Did you know that whether you own a car, and the colour of your car, can give some very interesting insights into whether you will pay your taxes?
This may sound unlikely, but recent work with a European national tax office using some highly detailed data found some fascinating connections. The first insight is that car ownership is a very good indicator of whether you are likely to miss a tax payment – but the relationship depends on age. For those over 30, not owning a car is linked to missing payments, but for those under 30, the opposite is true: Better payers are less likely to own a car. What’s more, those who own a red or black car are more likely to default or miss payments.
You can see that the age issue might be fairly logical from a lifestyle point of view, even if the colour is harder to explain. We could speculate that those over 30 generally tend to earn more, so are more likely to be able to afford a car. Those under 30 might be stretching to afford one, and therefore potentially struggling financially. Whatever the reasons, this is all very interesting if you are sitting in the tax office, wondering which people to “nudge” about their taxes and how to target the public sector equivalent of customer engagement. Asking the right question is the start of a more productive analytics journey.
Asking better questions
Analytics in general, and AI in particular, can help us to understand both what customers want and their response to engagement efforts. It is obvious that if you do not put out the right information, then you will not get the right response, and this follows for public sector organisations too. Consider Toyota’s “brake-gate”: The company’s communications focused heavily on damage limitation, but text mining work showed that people really wanted to know how to fix the problem. This produced a mismatch in expectations, which was unlikely to lead to happy customers doing what was wanted by the company. So for taxes, what makes people pay on time? Threats, or gentle reminders?
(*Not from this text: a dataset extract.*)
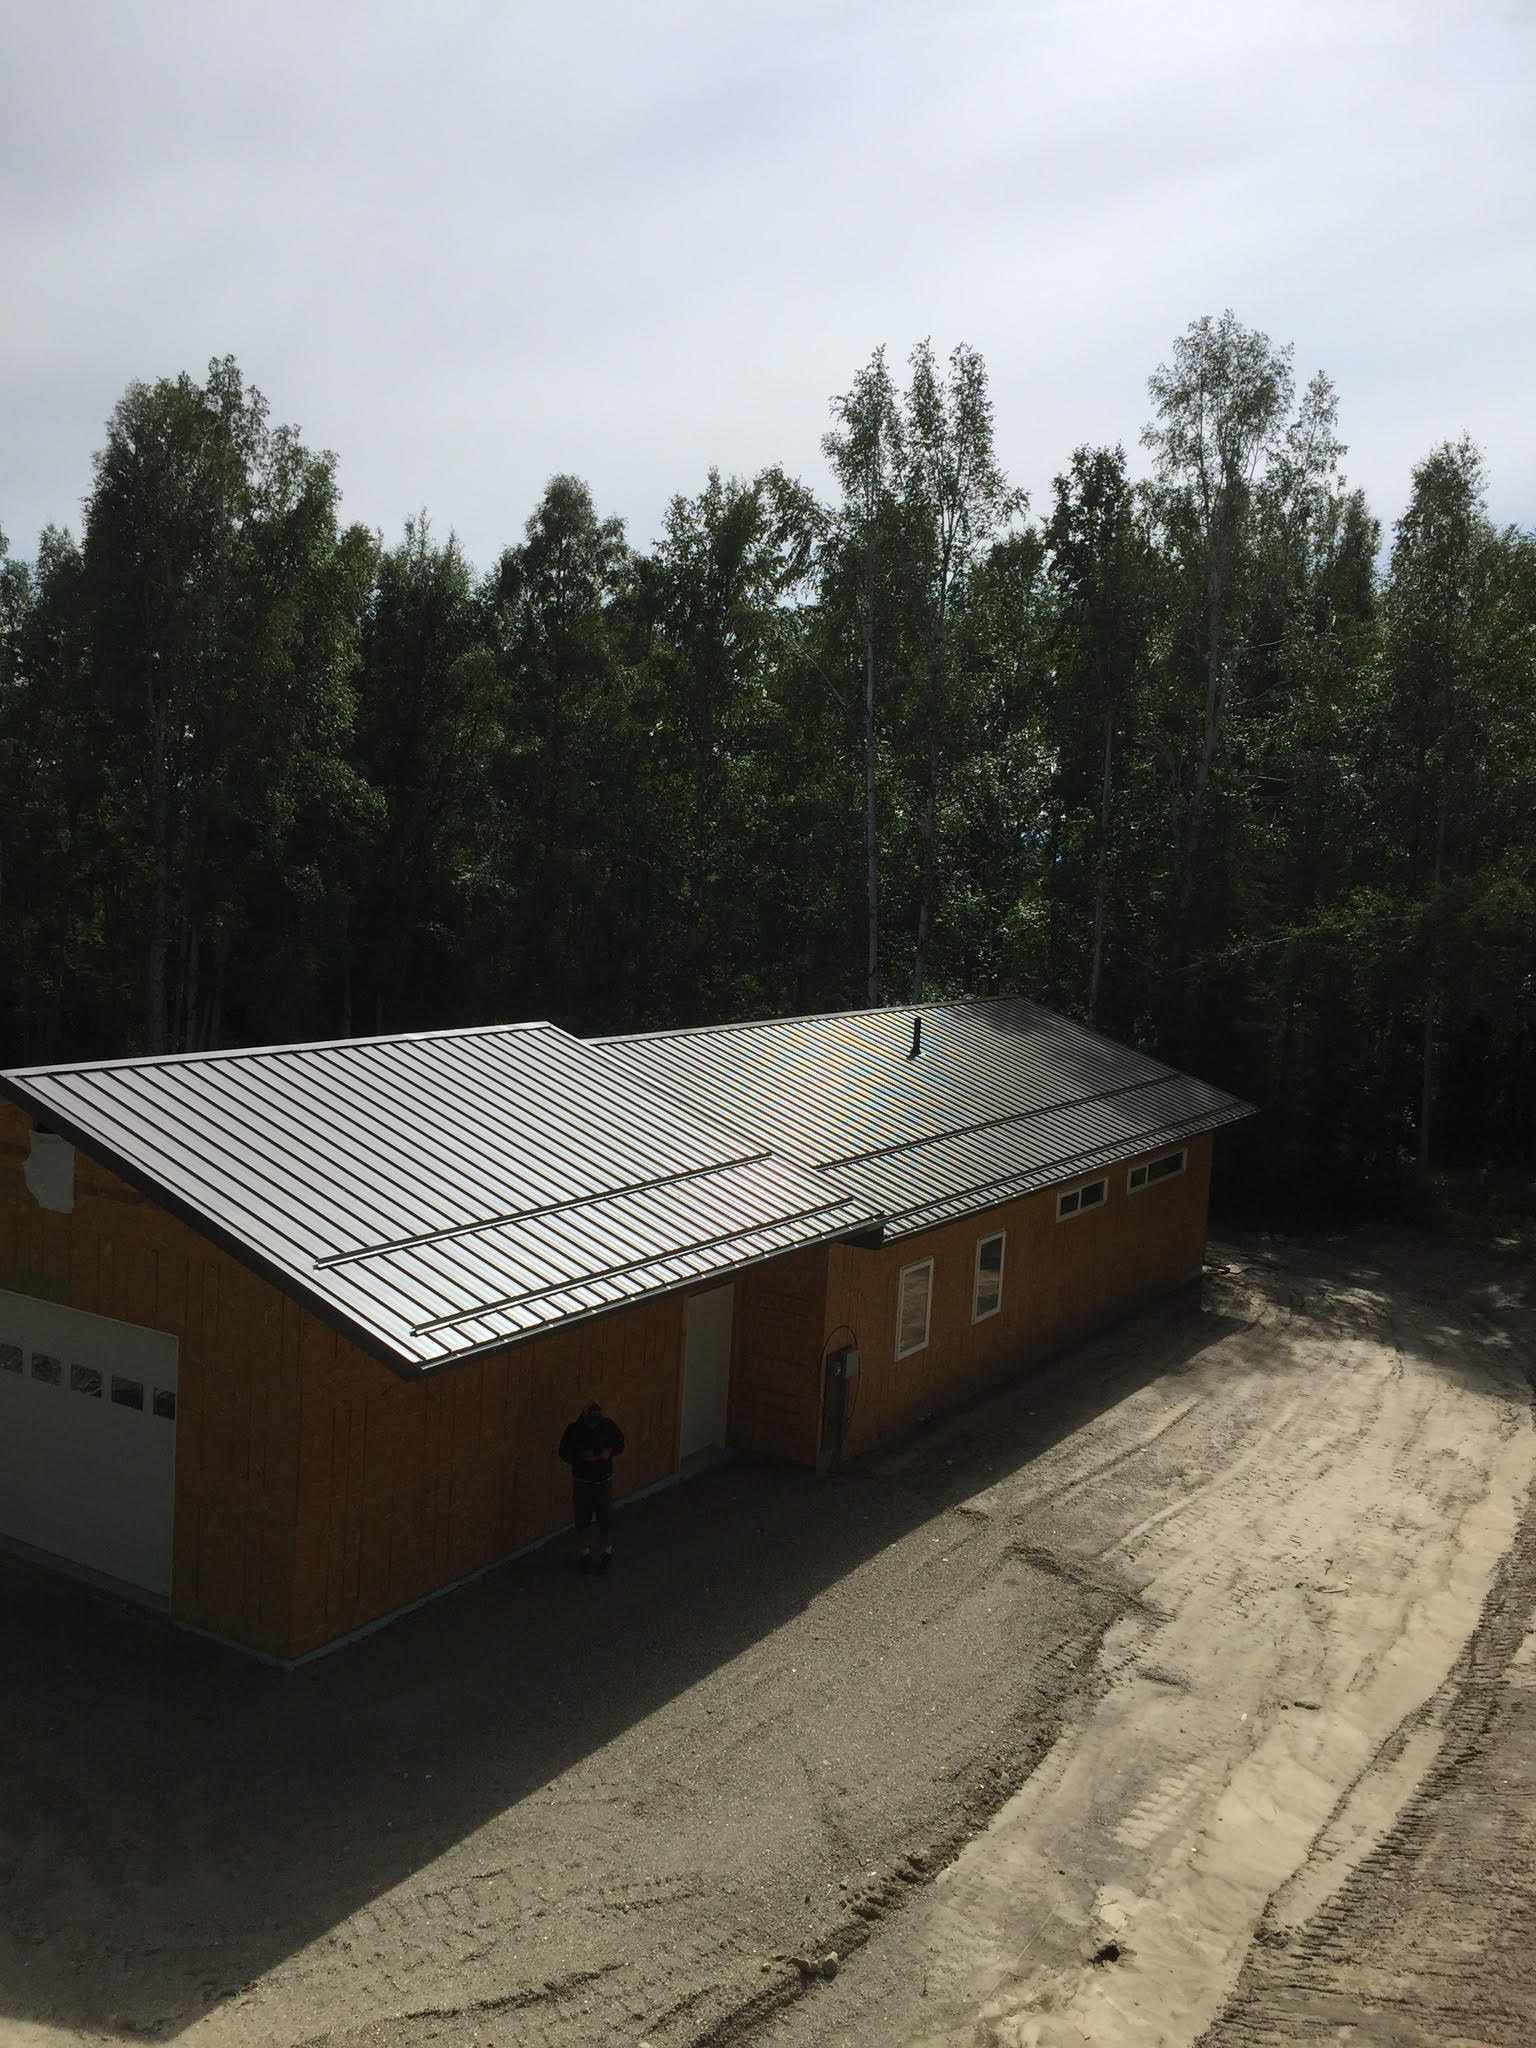 Roofing Contractor Siding Contractor Fairbanks Alaska

You have to understand the customer response before you communicate.
Real-time analytics is often considered the preserve of retail, but it also has potential in the public sector. Consider immigration and customs. Analytics could be used to identify which of those passing the Border Control desk should be stopped for a conversation, and also which goods to inspect in a three-hour transfer window. This will improve targeting of resources at potential problems, which is likely to be helpful to both customers and customs officers.
Trust and responsibility: The ethical dimension
There is, of course, another side to this, and that is related to trust. Particularly in the public sector, funded by taxpayers, your customers need to trust the results of your analytics, and especially the effects on their lives. In the 1990s and 2000s, the Metropolitan Police in the UK used statistics to justify stopping and searching a disproportionate number of young black men, on the grounds that they were more likely to be involved in knife (and other) crime. Trust in the Met dropped hugely when this became public knowledge, particularly in London, and there was a big community backlash. It may have been justifiable in terms of the statistics, but not in terms of the outcome.
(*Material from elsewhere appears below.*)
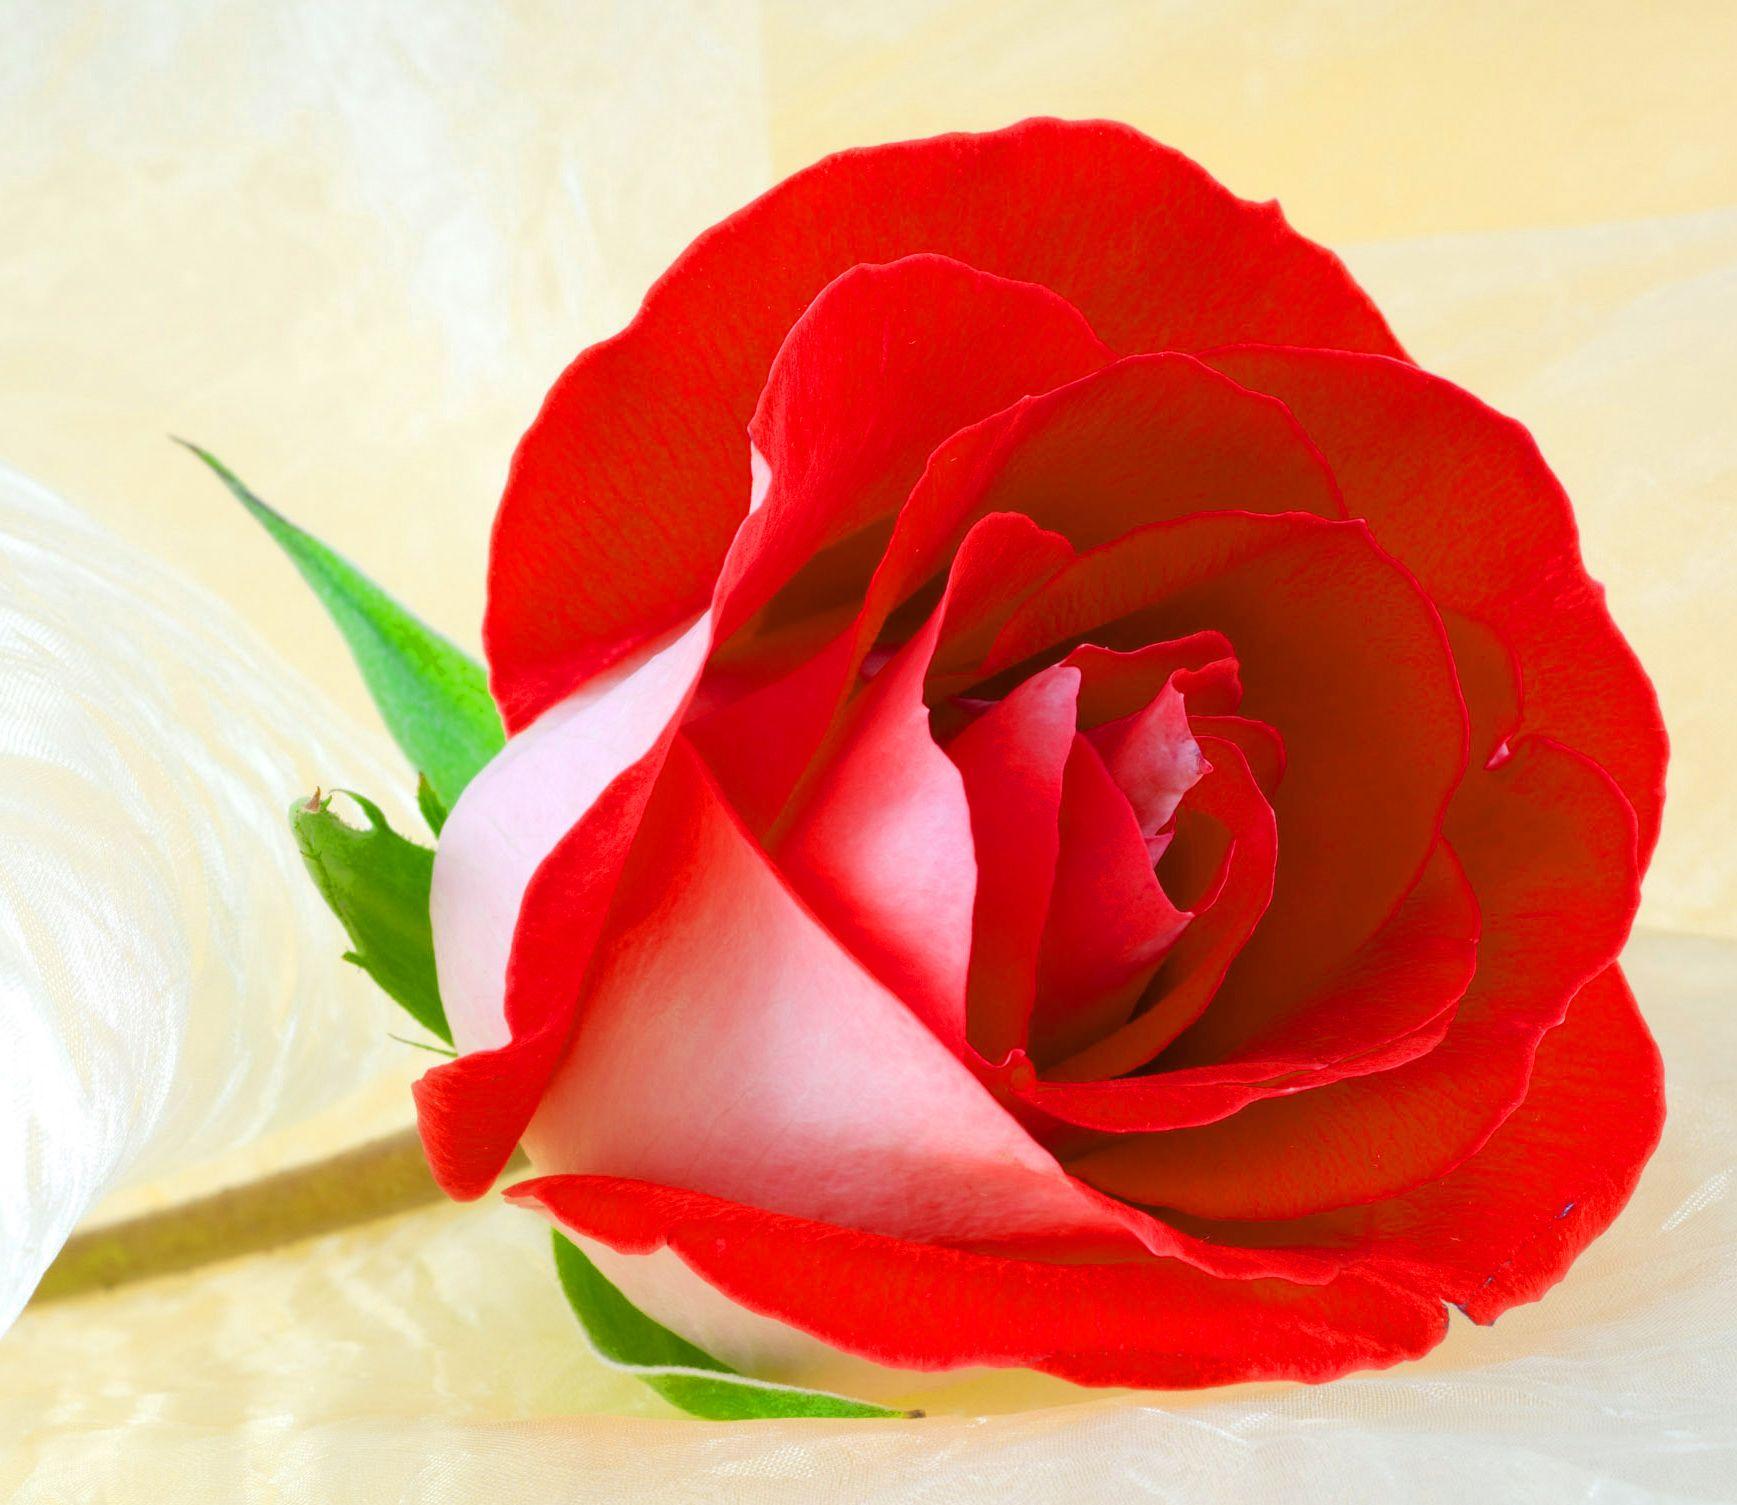 Flower Nice Whatsapp Dp Pics Hd Download Rose Flower Wallpaper Flowers Dp Beautiful Flowers Images Hd

Public sector organisations planning to use analytics need to remember that the end does not justify the means, and the means must be clear and transparent.
Many organisations need to share data with partners to maximise the effect of analytics. Sharing personal data without permission is not permitted under GDPR, but it may be worth considering the potential to share insights. It is, after all, reasonable to assume that those who default on their tax payments may also default on other types of payment too.
Will this sharing, however, be acceptable to customers? This is a conversation that needs to be expanded. Public sector organisations have a responsibility to protect and safeguard public money by reducing fraud and nonpayment, but they also need to be trusted to do that in an ethical way. The debate about how to achieve these aims is by no means over, but it is clear that analytics has an important part to play in the process. And with machine learning already being rolled out, the broader implications of how algorithms learn and the impact of AI will dictate more consumer education.